Tight times force cuts in the Covington 2010 budget

Covington’s 2010 budget is about finding ways to cut back, according to the budget message City Manager Derek Matheson planned to present to the City Council Tuesday night.

Covington’s 2010 budget is about finding ways to cut back, according to the budget message City Manager Derek Matheson planned to present to the City Council Tuesday night.

Last year, the recession had not hit the city, “so while we had to be very conservative in our budgeting, we didn’t have to reduce the budget,” Matheson explained.

“The recession has definitely hit us this year,” Matheson said.

Cash flow is down across the board, with reduction in revenue from the real estate excise tax or REET and permit fees hitting Covington hardest.

“In 2007, we were bringing in $185,000 a month in permit revenue,” Matheson said. “In March, when we did the first layoffs, we brought in $15,000 that month.”

Funds from REET had been pledged to pay back 2007 transportation bonds but the city has $700,000 in debt service to pay back on those bonds that REET revenues just won’t cover this year.

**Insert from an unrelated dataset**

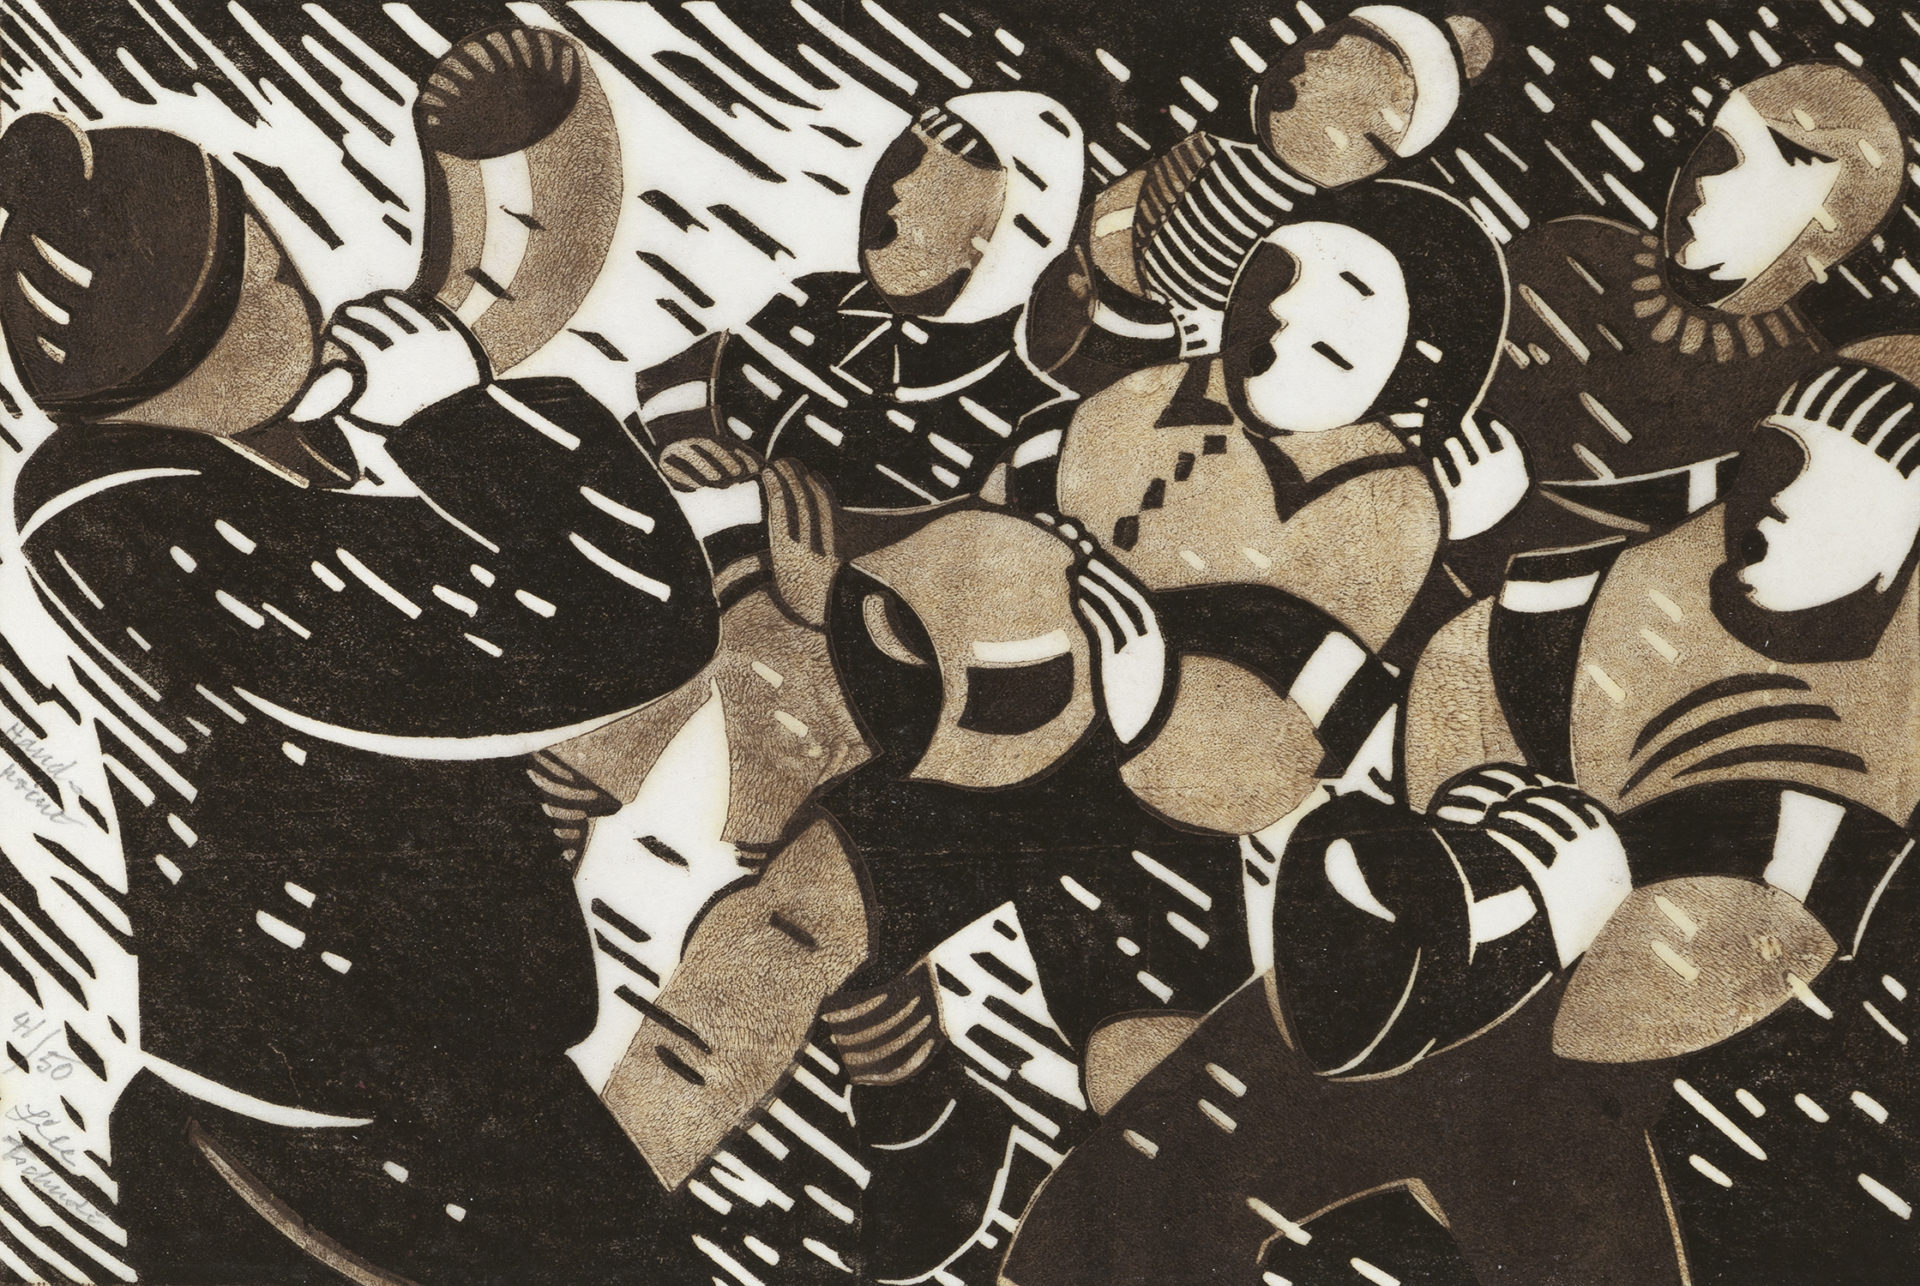 Klaus Buben, 1939, Linocut, 9 3/4 x 13 3/4 inches (24.8 x 34.9 cm), Edition of 50

“The good news is that property tax, sales tax and utility tax continue to hold their own,” Matheson said.

It doesn’t hurt that Costco and Home Depot opened in the city within a few months of each other last year, which will help protect some core services, but staff still has to recommend $1.1 million in reductions from the operating budget, Matheson said.

“We’re able to absorb that $700,000 in debt service without cutting positions in the general fund because the council has been so conservative the past two years,” the city manager said. “We under-projected utility tax revenue by about $600,000.”

Add to that the money that came in from Home Depot and Costco and the debt service can be managed because “the Council resisted the urge to spend all that money.”

In order to tackle the challenge of making cuts, Matheson and Finance Director Rob Hendrickson put together a budget balancing strategy Matheson described as “organization wide strategies and position specific strategies.”

Under the first category, there are three ways to manage that, with the first being transferring money from reserve funds and capital funds — with the latter typically used to pay for construction projects — to the operating budget.

Second would be to move community development expense to the general fund and finally, Matheson said, modify employee compensation.

“We’ll replace our current monetary merit award program with another form of compensation like additional floating holidays,” Matheson said. “Each employee is able to earn an additional 6 percent of their salary based on achievement based on an individualized set of goals for a year.”

Employees instead will be offered extra paid time off.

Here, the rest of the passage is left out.